Research and development expense includes direct external costs such as fees
paid to third-party contractors and consultants, and internal direct and
indirect costs such as compensation and other expenses for research and
development personnel, supplies and materials, clinical trials and studies,
facility costs and depreciation.
Sales and Marketing Expense
Sales and marketing expense for the three months ended September 30, 2021
increased to $46.8 million from $37.4 million for the same period in the prior
year, primarily due to higher product promotional spend associated with the
launch of the QuickVue At-Home OTC COVID-19 Test, as well as increased freight
expense and higher compensation costs driven by increased headcount and improved
performance in the quarter, partially offset by a decrease in bad debt expense.

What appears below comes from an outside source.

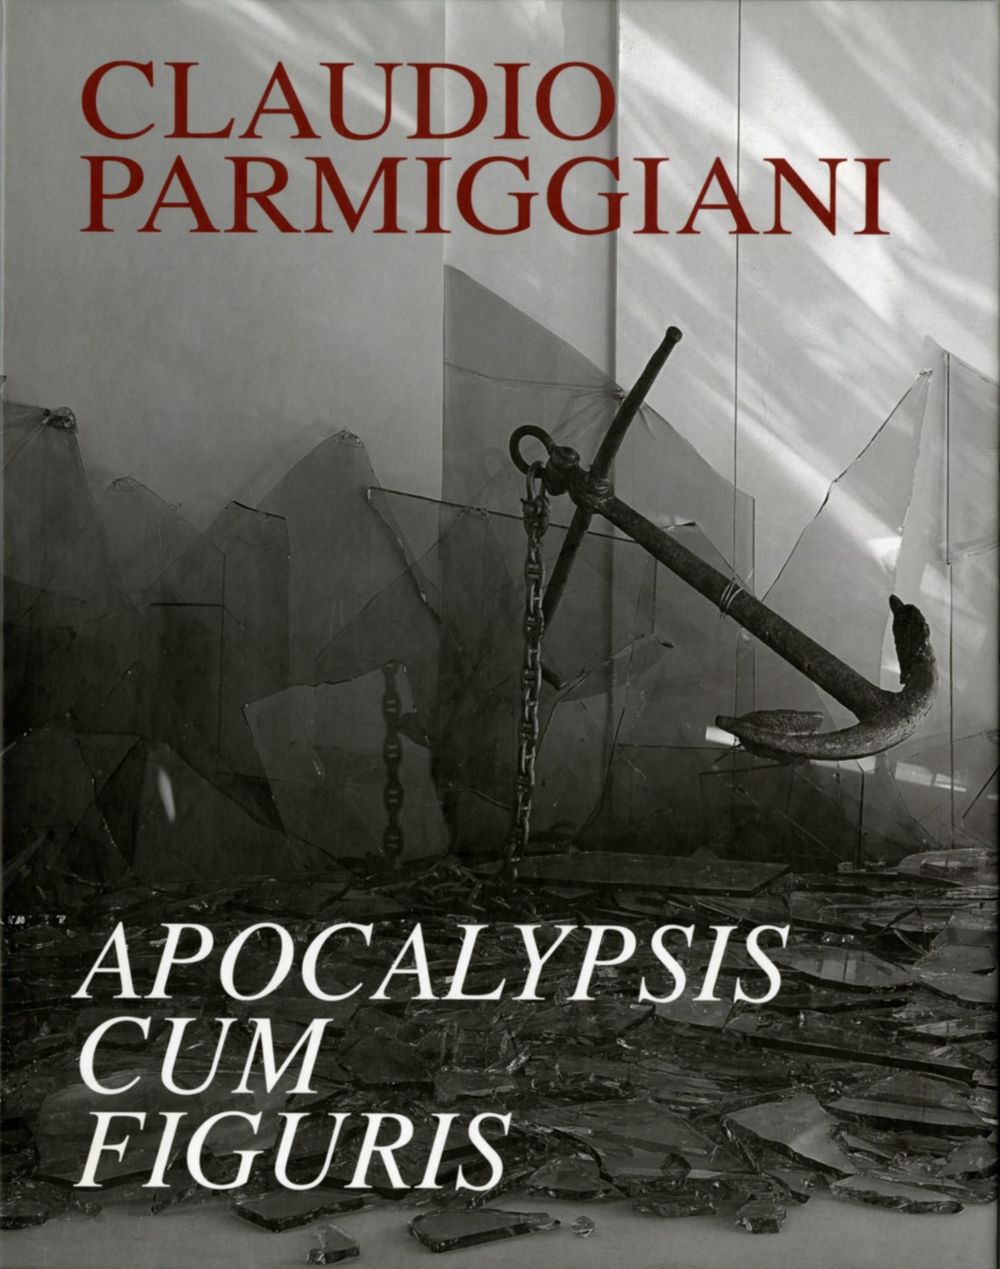 Book cover on plain gray background with title of Claudio Parmiggiani: Apocalypsis cum Figuris

General and Administrative Expense
General and administrative expense for the three months ended September 30, 2021
increased to $21.1 million from $16.4 million for the same period in the prior
year due to increased spend on IT projects and higher compensation costs driven
by increased headcount to support the growth of the business.
Acquisition and Integration Costs
Acquisition and integration costs decreased by $0.4 million for the three months
ended September 30, 2021 compared to the same period in the prior year.
Other Expense, Net
The following table compares Other expense, net, for the three months ended
September 30, 2021 and 2020 (in thousands, except percentages):
                                               Three months ended September 30,               Increase (decrease)
                                                   2021                  2020                 $                   %
Interest and other expense, net              $         (347)         $  (1,797)         $    (1,450)              (81) %
Loss on extinguishment of debt                            -            (10,384)             (10,384)             (100) %
Total other expense, net                     $         (347)         $ (12,181)         $   (11,834)              (97) %


Interest and other expense, net primarily relates to accretion of interest on
the deferred consideration, coupon and accretion of interest related to our
Convertible Notes (in the 2020 period) and interest and amortization of deferred
financing costs associated with our Credit Agreement. Interest and other
expense, net for the three months ended September 30, 2021 decreased to $0.3
million from $1.8 million for the same period in the prior year, primarily due
to the maturity of the Company's Convertible Notes in December 2020, including
an unfavorable $1.1 million change in fair value of derivative liabilities
associated with a Convertible Notes conversion in the second quarter of 2020.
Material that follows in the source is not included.